## Aim of the exercise
Transcribe all data verbatim. Skip the pictures.

Dataset excerpts:
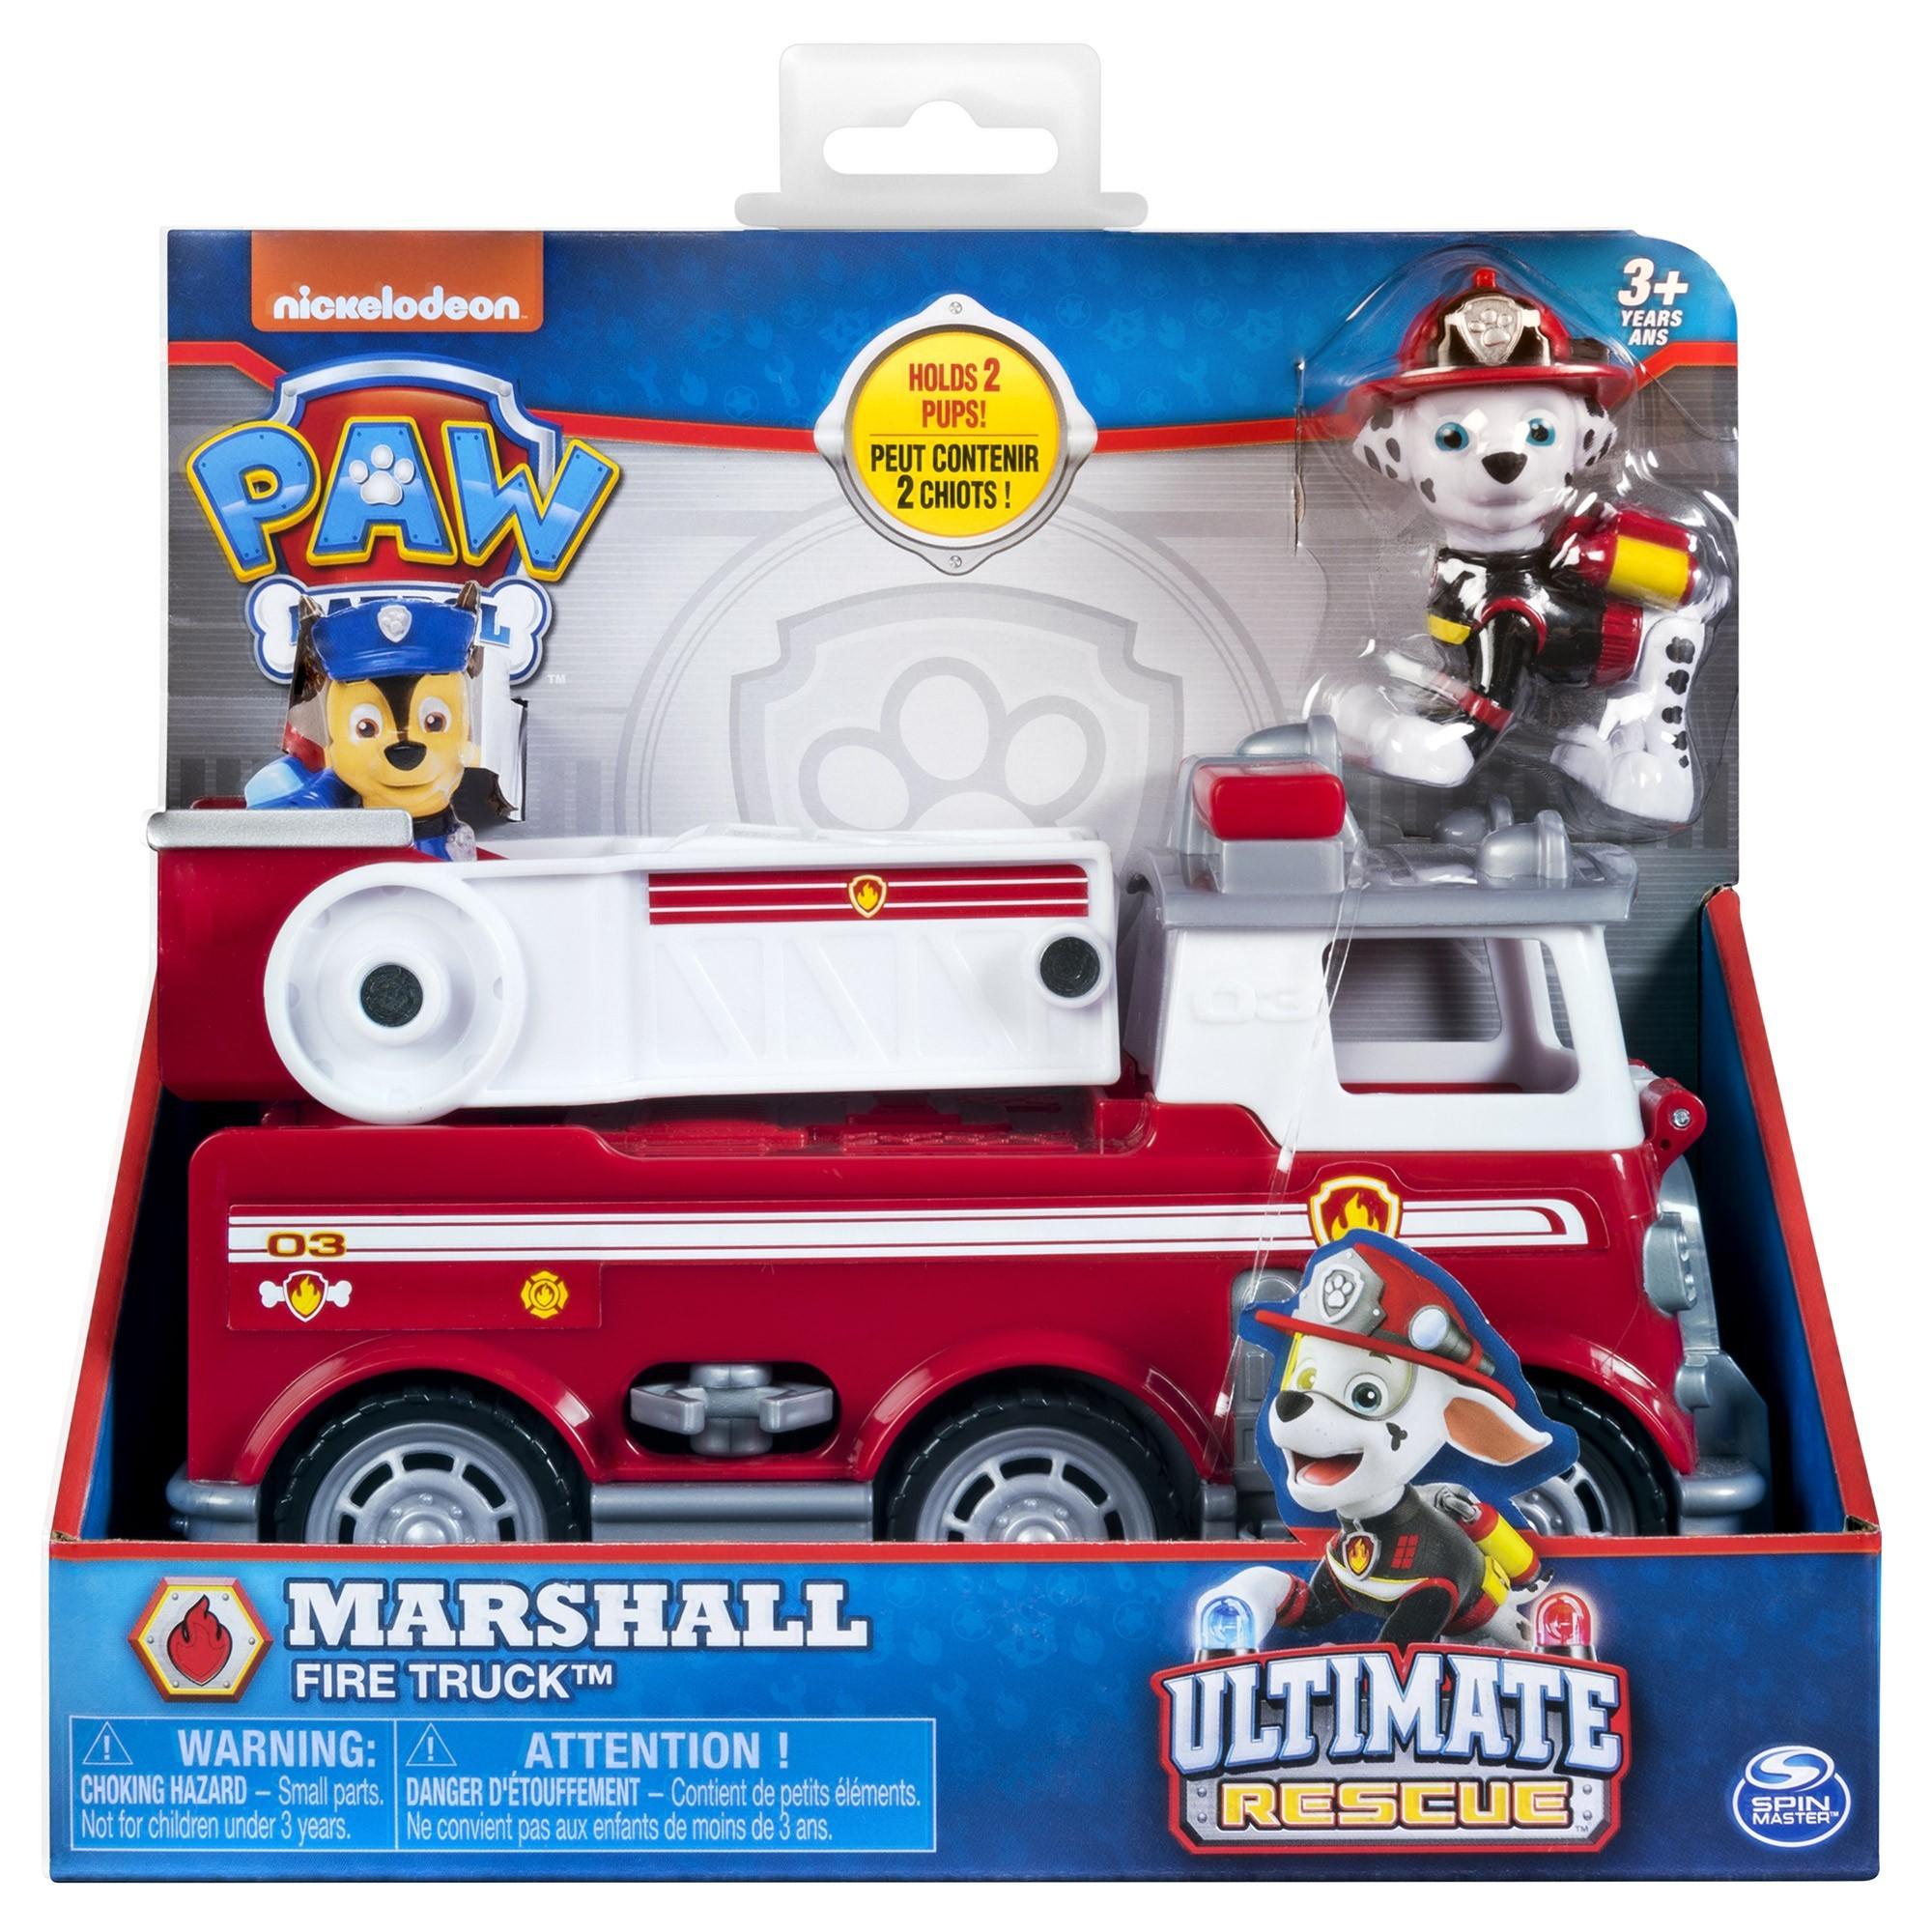 Paw Patrol Ultimate Rescue Fire Truck - Marshall review and price
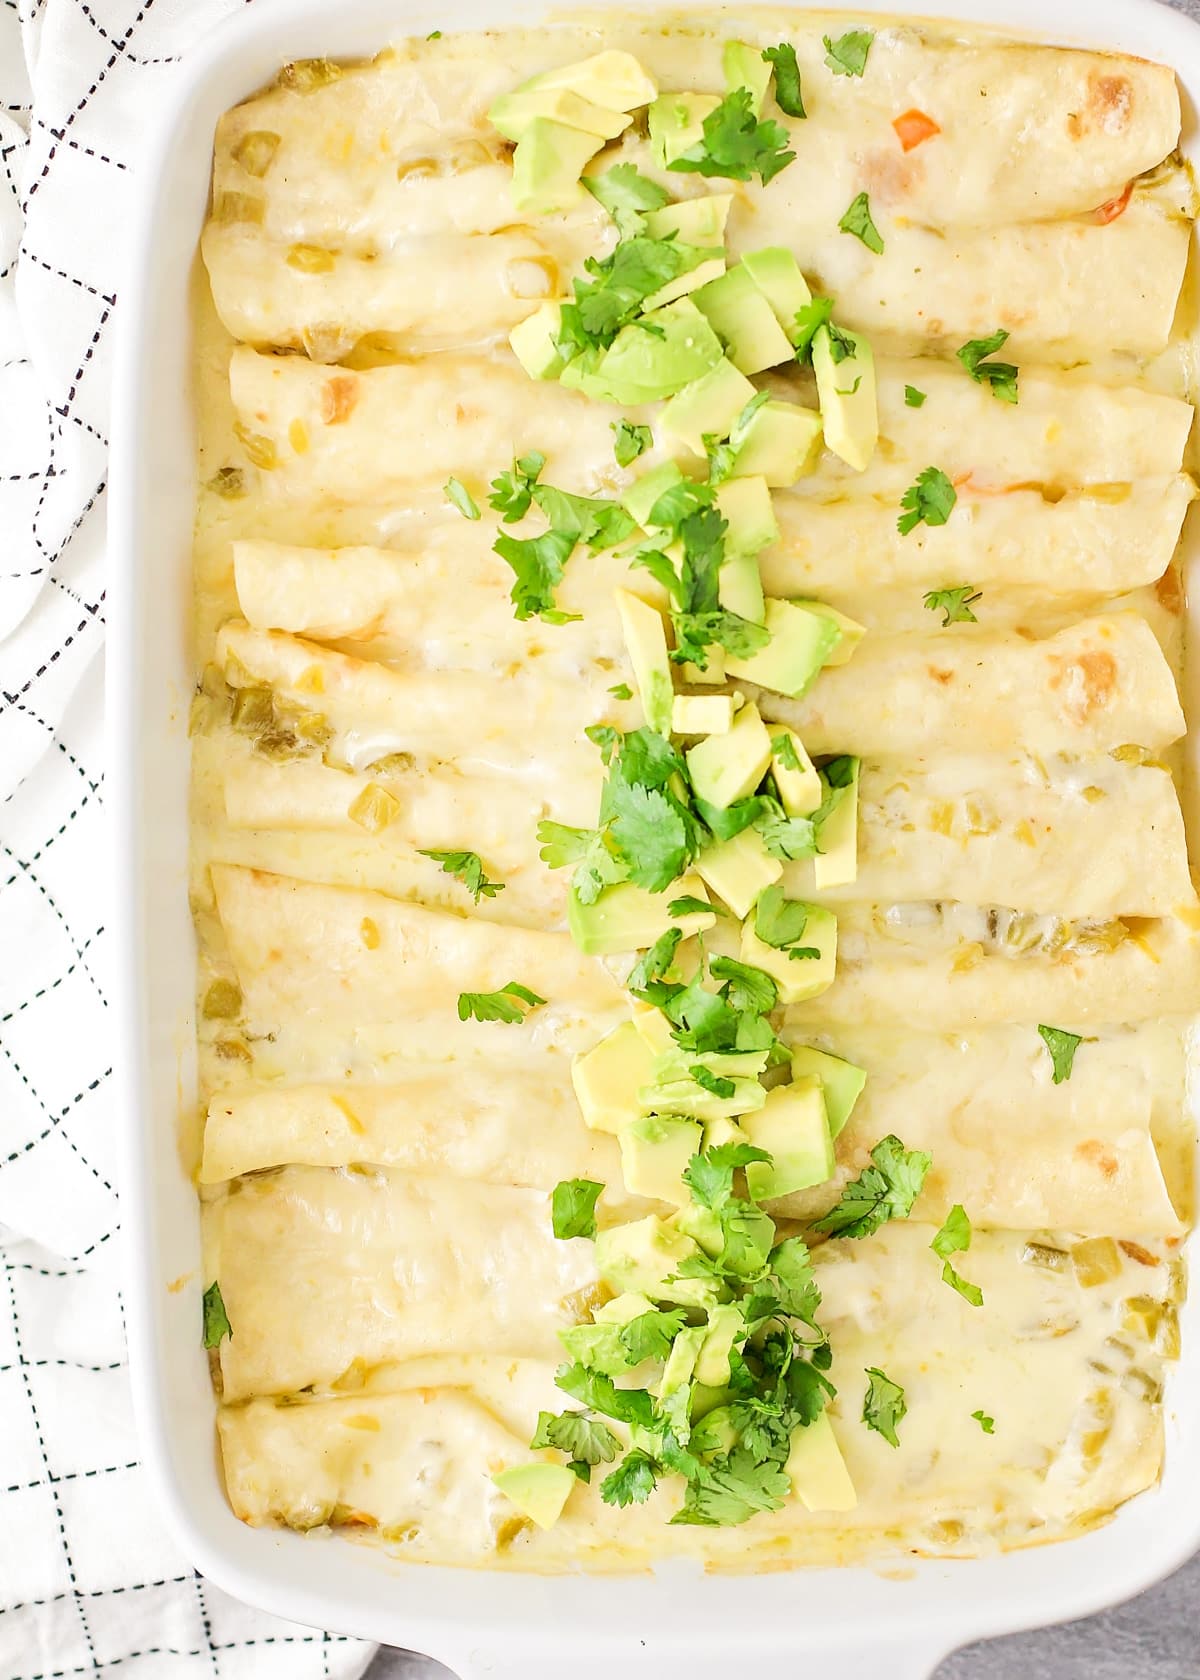 A close up of a baking dish filled with white chicken enchiladas topped with avocado and cilantro.
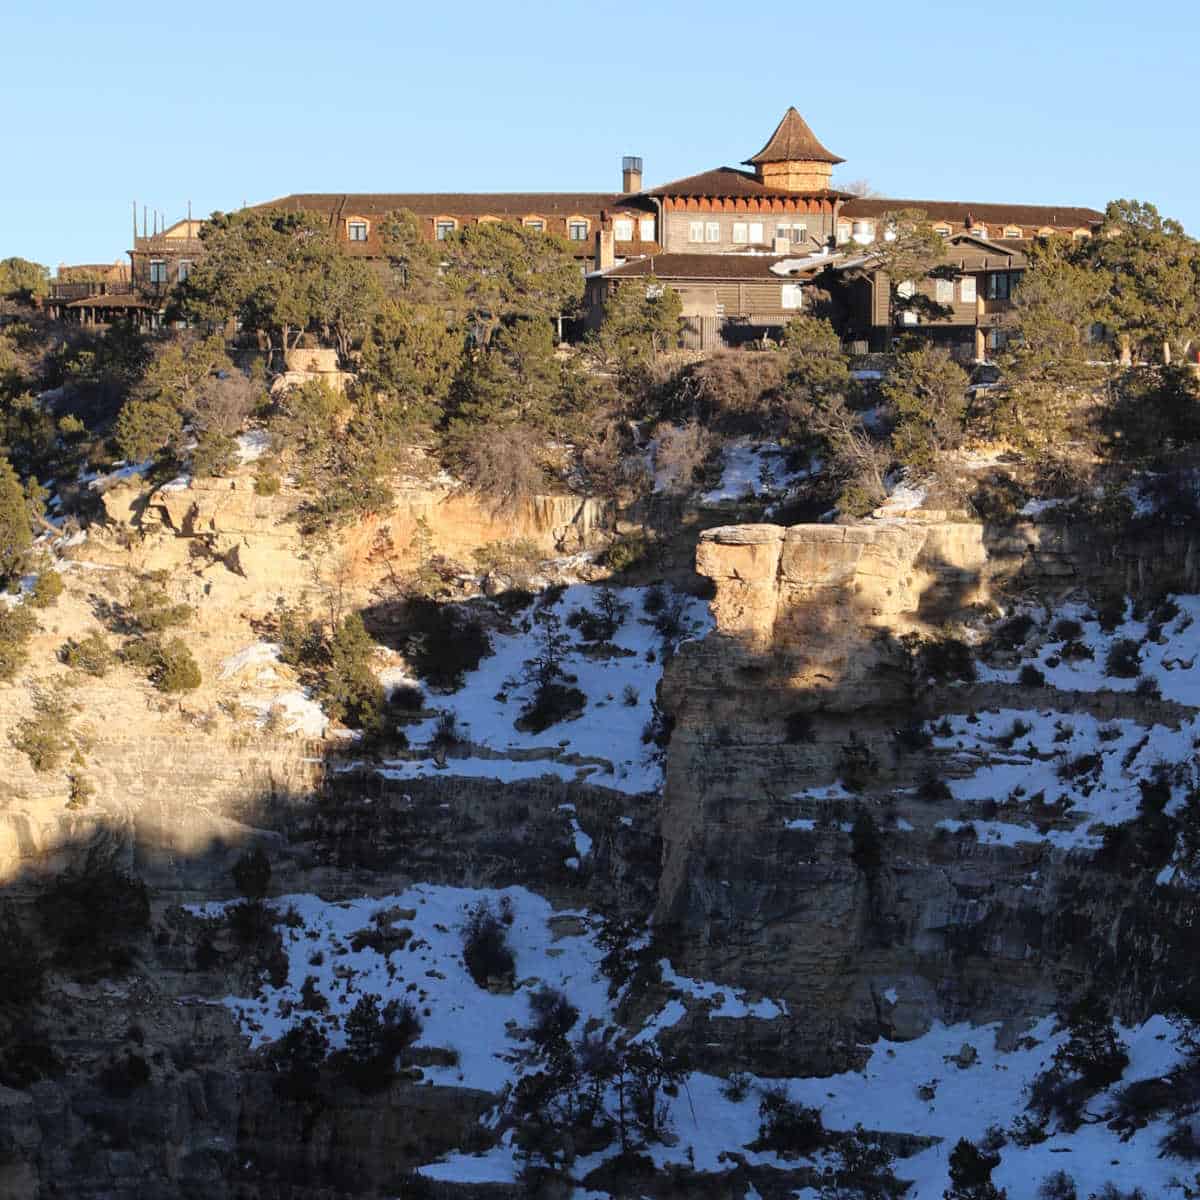 El Tovar Hotel perched on the South Rim of the Grand Canyon
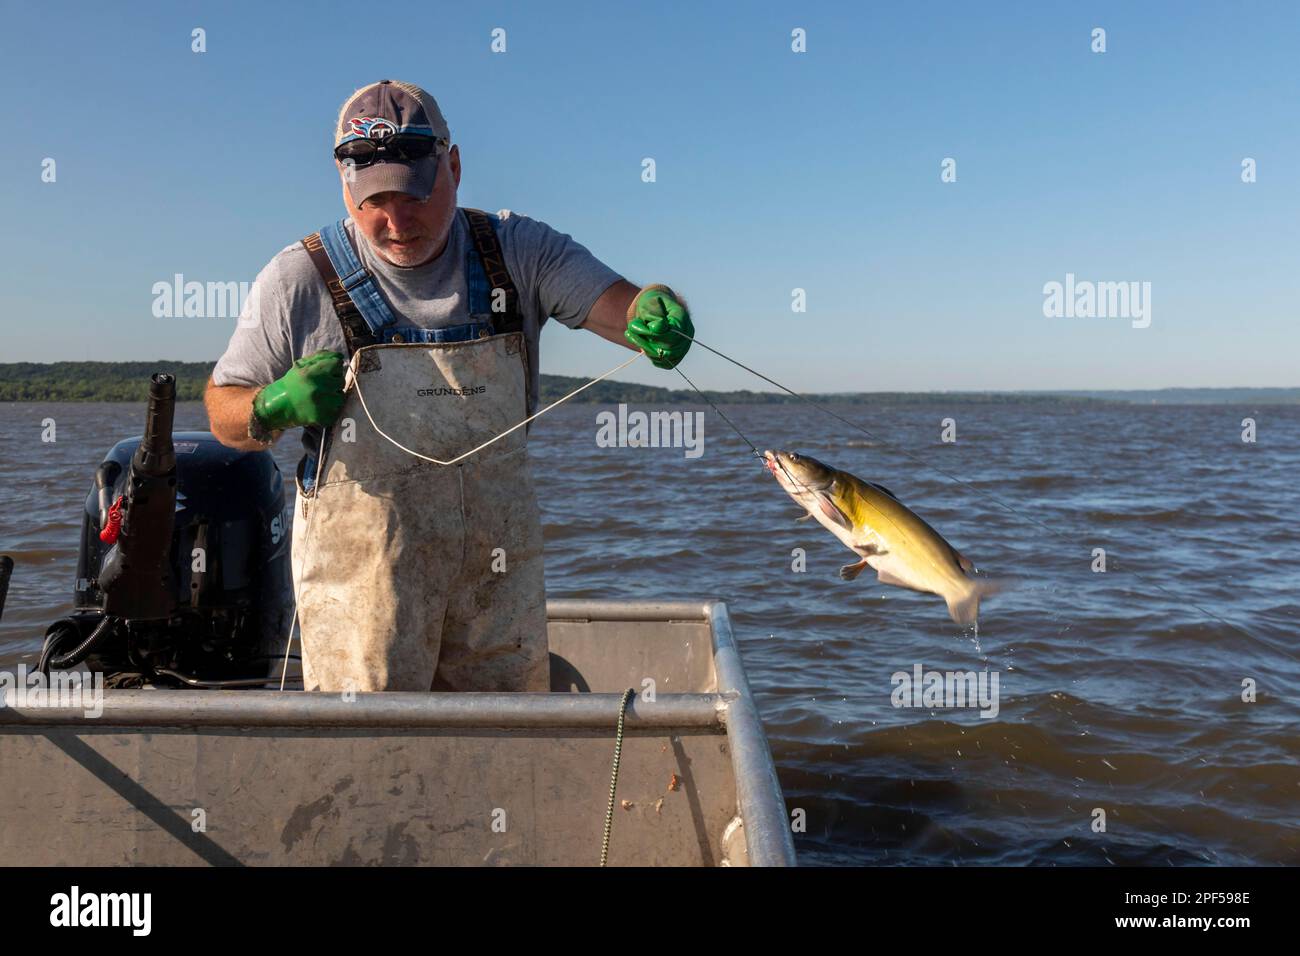 Peoria, Illinois, Dave Buchanan fishes for catfish on the Illinois River.  He uses a trotline--a long line from which a hundred or more baited hooks  Stock Photo - Alamy
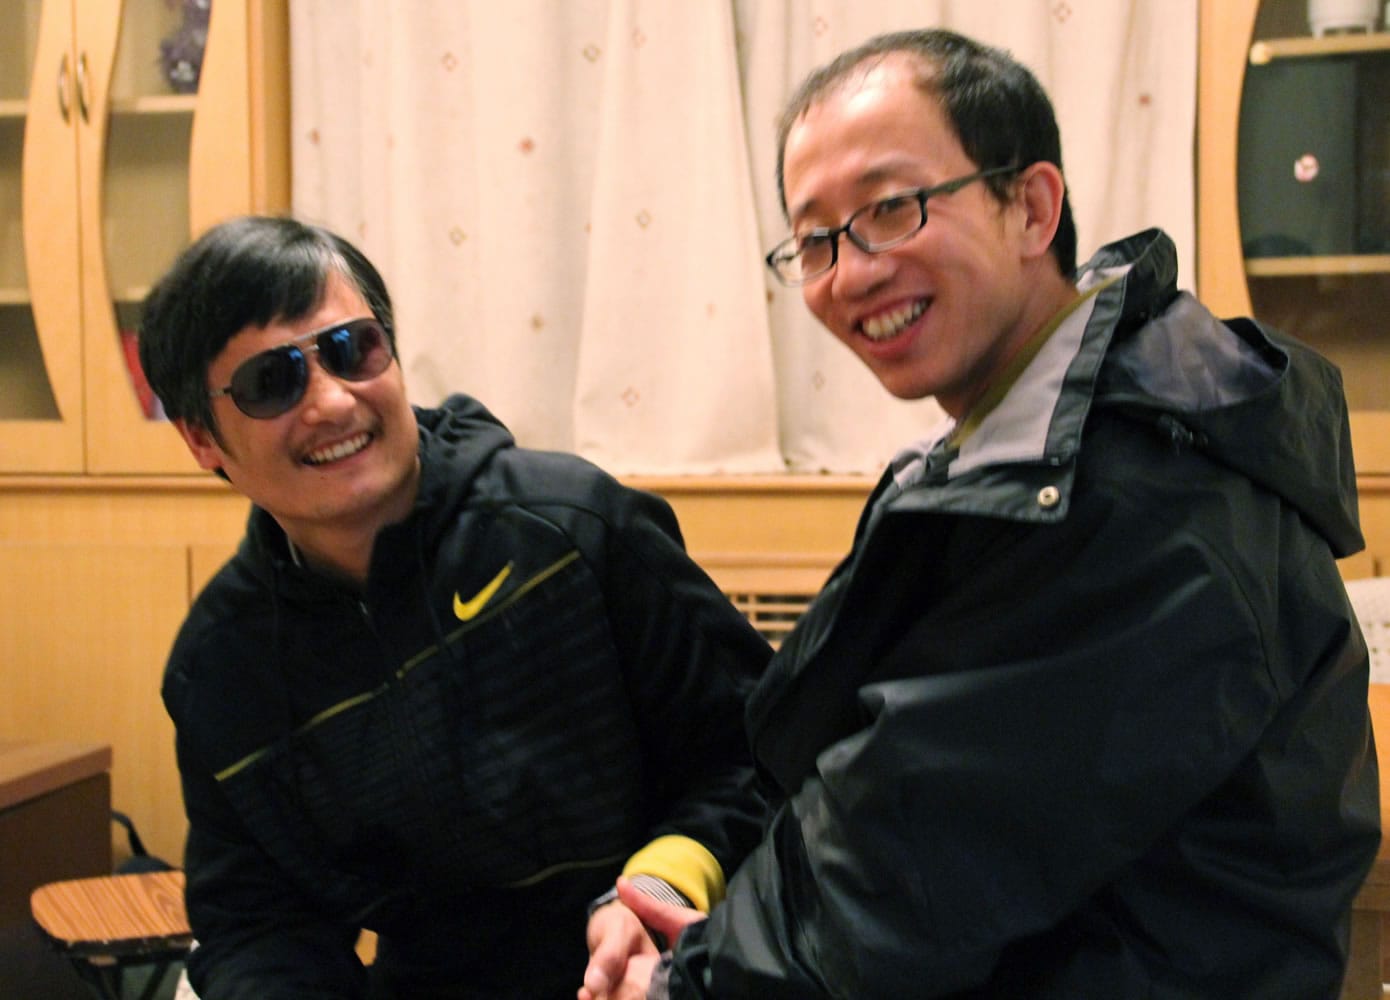 In this photo taken in late April, 2012, and provided by Hu Jia, blind Chinese legal activist Chen Guangcheng, left, meets with Hu at an undisclosed location. Chen, an inspirational figure in China's rights movement, slipped away from his well-guarded rural village on Sunday night, April 22, 2012, and made it to a secret location in Beijing on Friday, April 27, setting off a frantic police search for him and those who helped him, activists said.

## Solution to the exercise
 Paw Patrol Ultimate Rescue Fire Truck - Marshall review and price
 A close up of a baking dish filled with white chicken enchiladas topped with avocado and cilantro.
 El Tovar Hotel perched on the South Rim of the Grand Canyon
 Peoria, Illinois, Dave Buchanan fishes for catfish on the Illinois River.  He uses a trotline--a long line from which a hundred or more baited hooks  Stock Photo - Alamy
 In this photo taken in late April, 2012, and provided by Hu Jia, blind Chinese legal activist Chen Guangcheng, left, meets with Hu at an undisclosed location. Chen, an inspirational figure in China's rights movement, slipped away from his well-guarded rural village on Sunday night, April 22, 2012, and made it to a secret location in Beijing on Friday, April 27, setting off a frantic police search for him and those who helped him, activists said.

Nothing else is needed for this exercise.